(Provided data Opens)
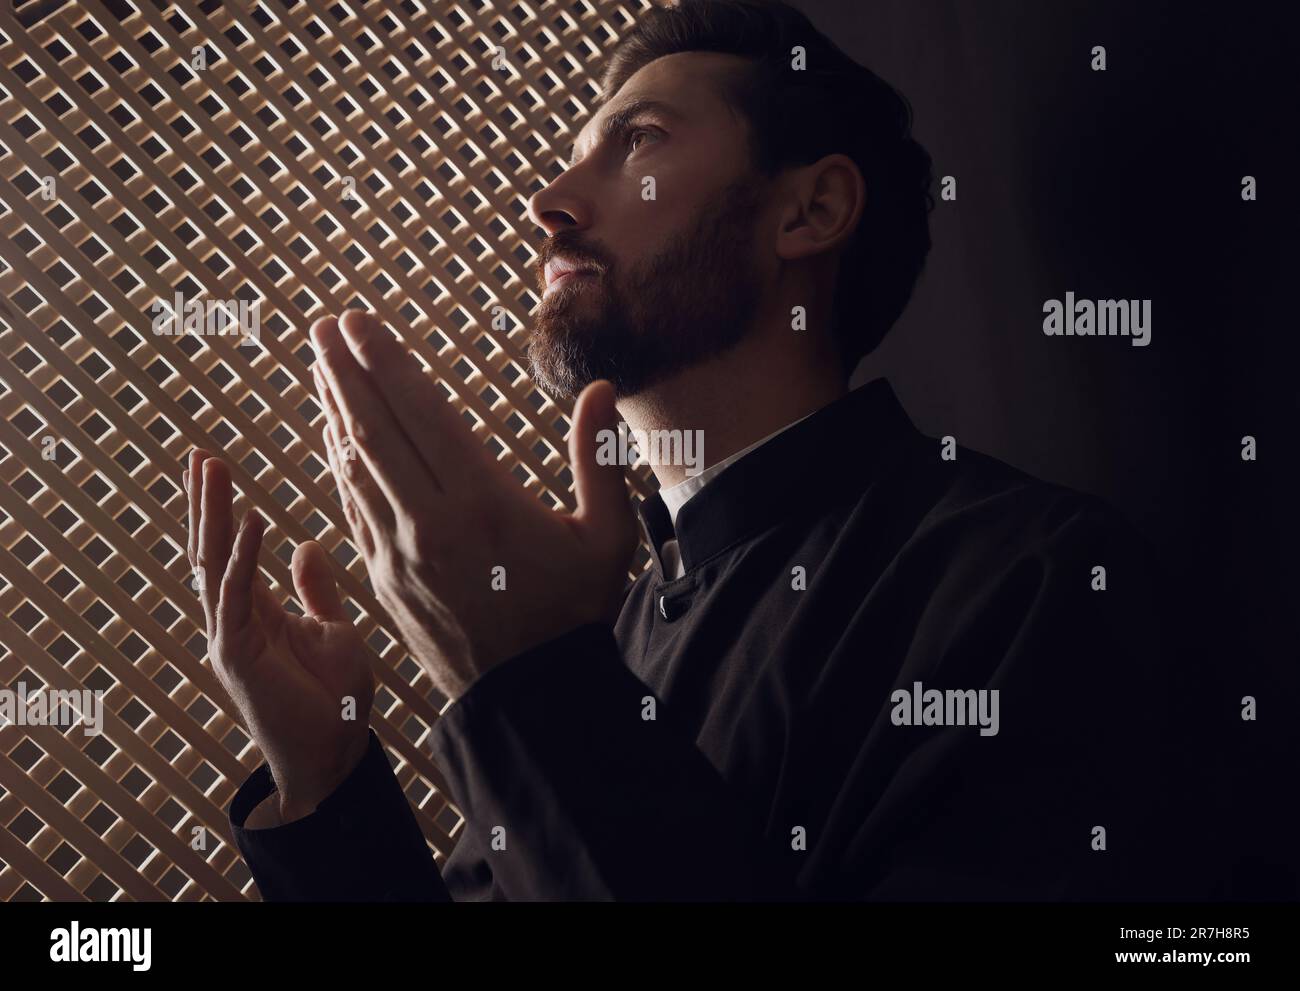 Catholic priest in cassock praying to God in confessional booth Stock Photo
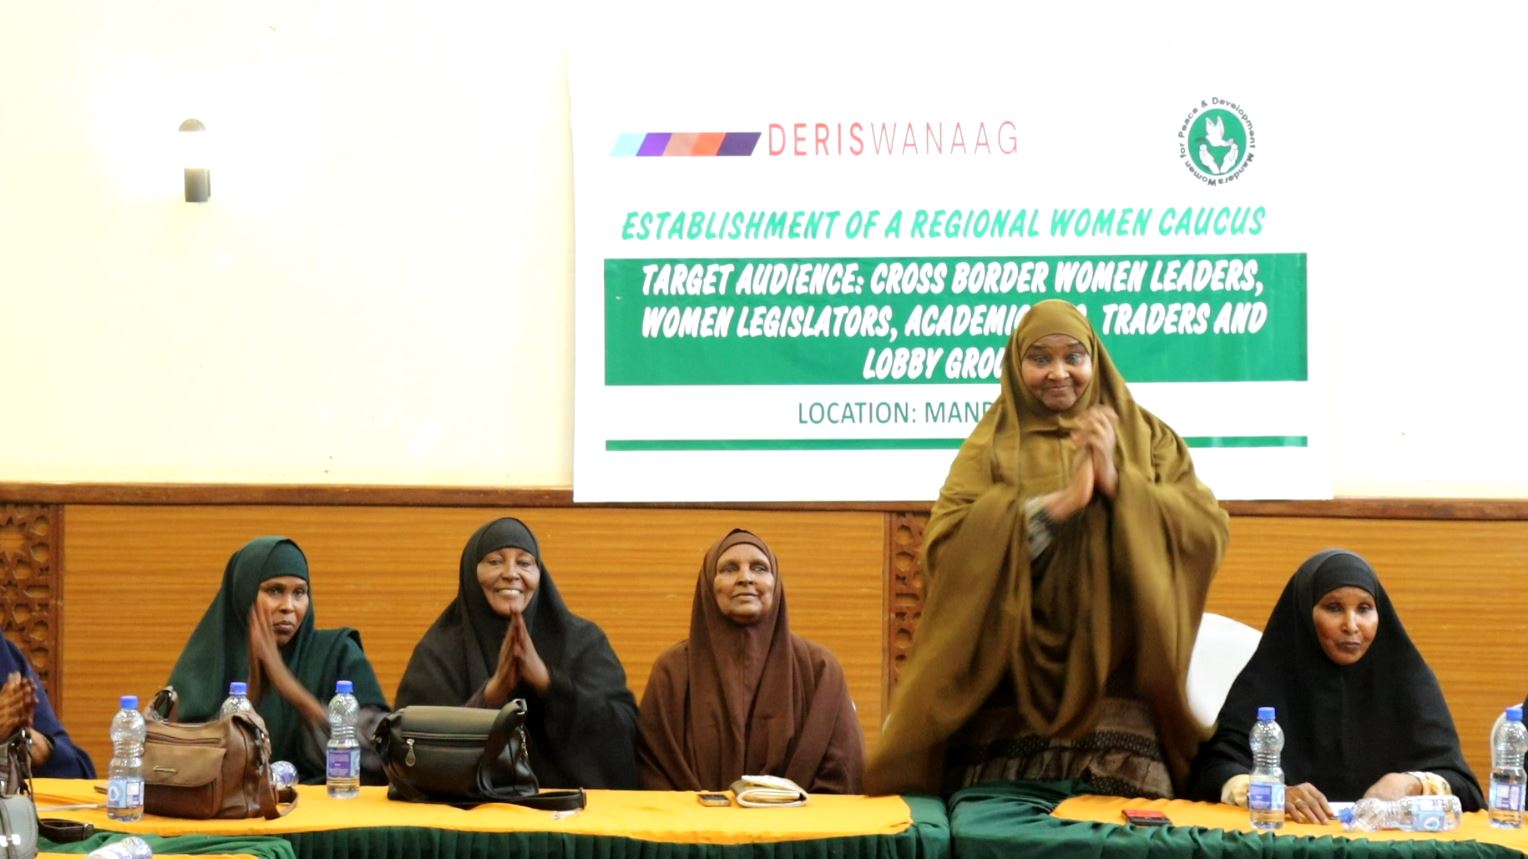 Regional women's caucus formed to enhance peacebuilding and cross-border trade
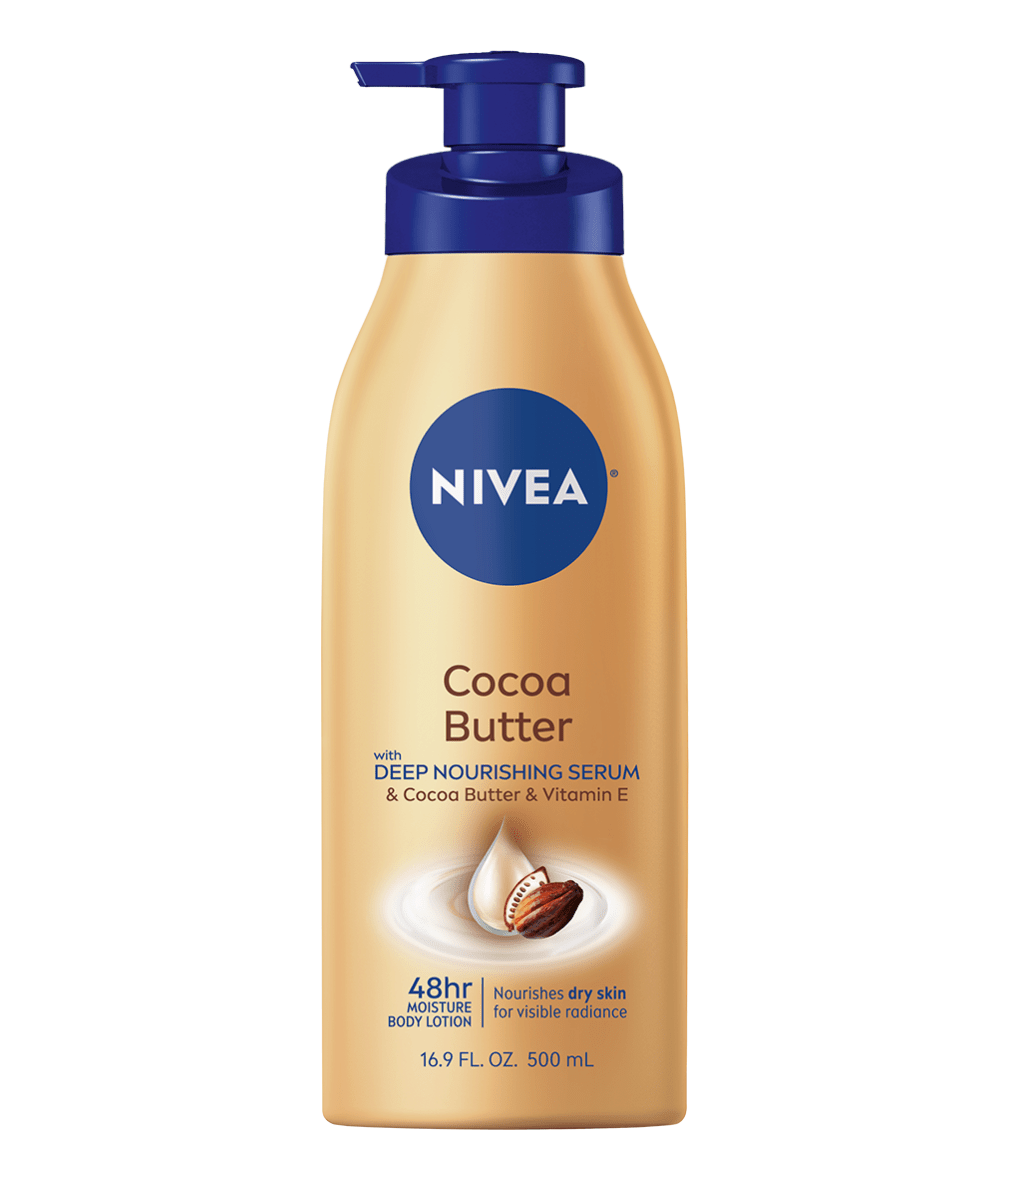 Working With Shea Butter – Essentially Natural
(Provided data Closes)
(Provided data Opens)
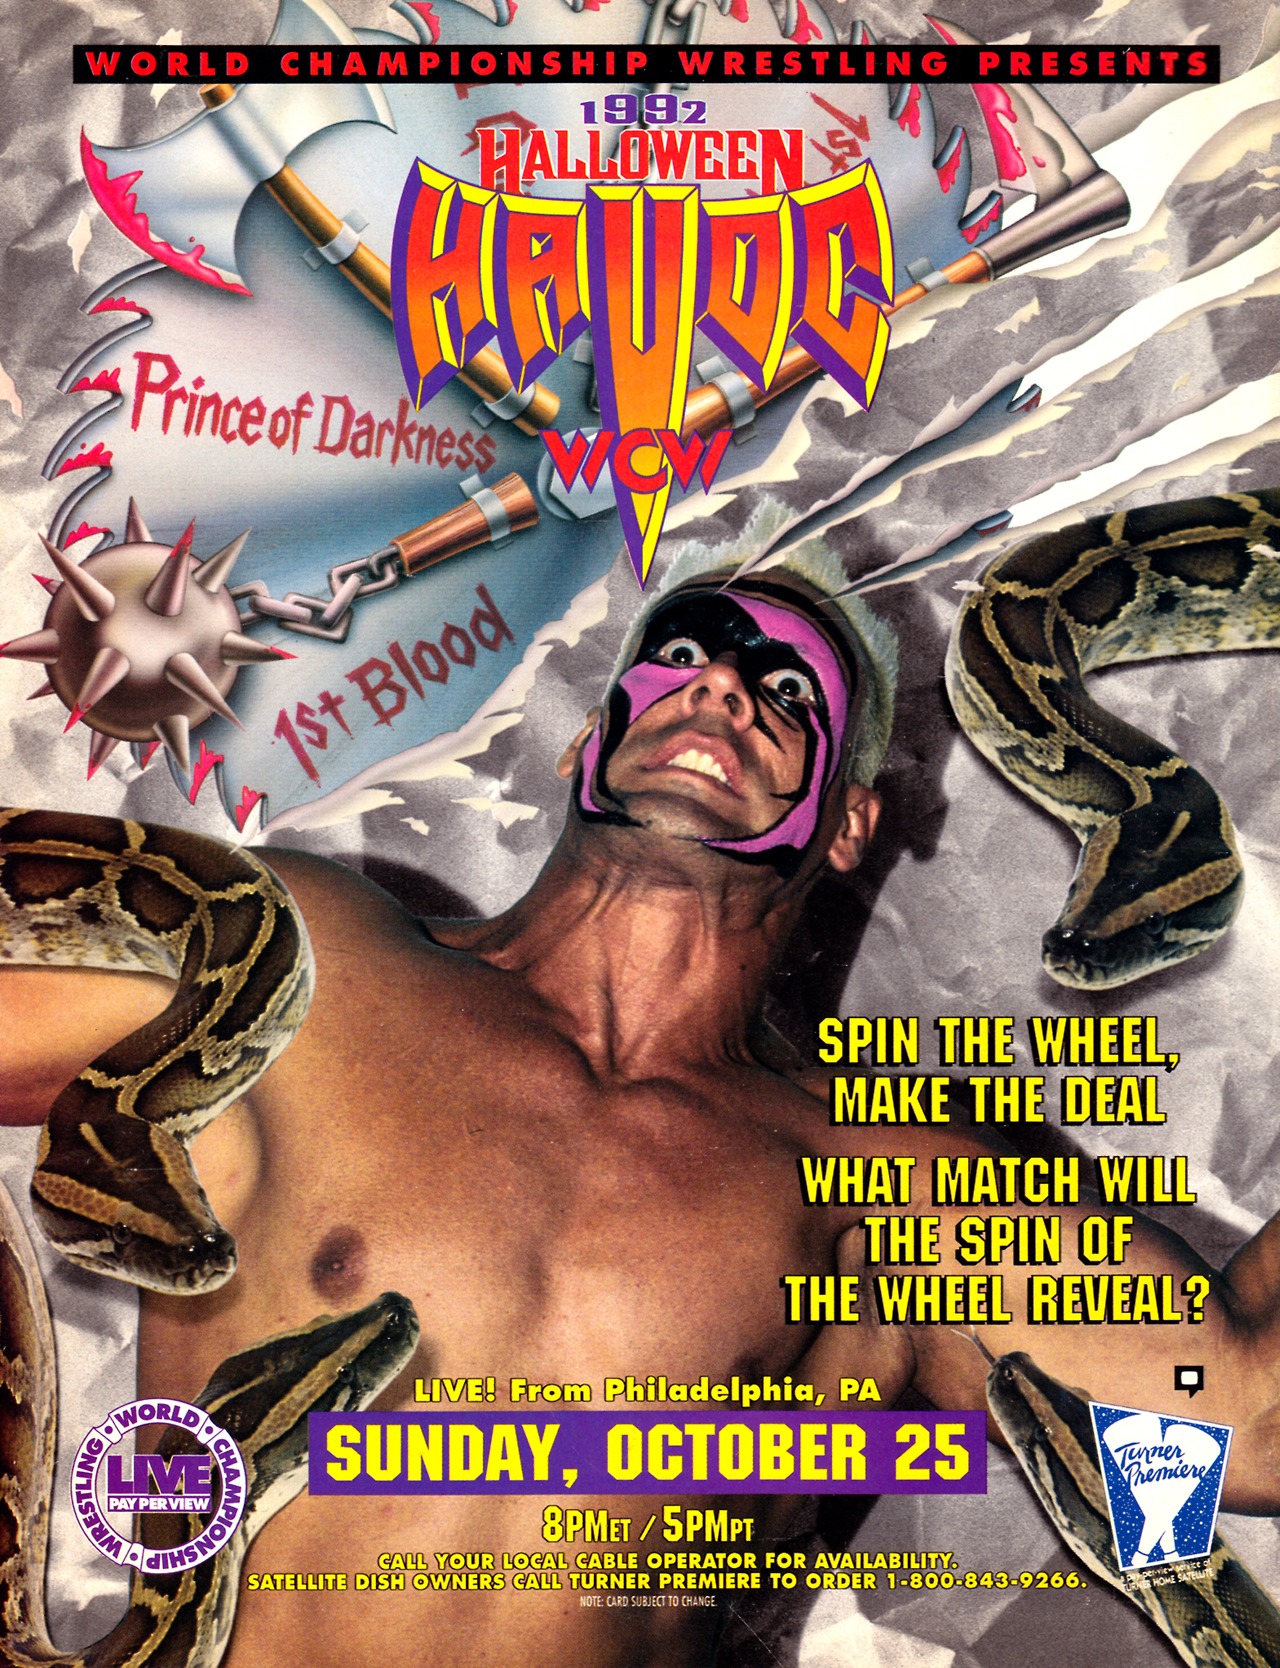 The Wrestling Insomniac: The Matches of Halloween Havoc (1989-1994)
(Provided data Closes)
◆ **Aim of the task**: With pictures excluded, reproduce exactly the lines above from the one containing "Catholic priest in" down to the one containing "Working With Shea", those two included.

◆ **Reply to the task**:
 Catholic priest in cassock praying to God in confessional booth Stock Photo
 Regional women's caucus formed to enhance peacebuilding and cross-border trade
 Working With Shea Butter – Essentially Natural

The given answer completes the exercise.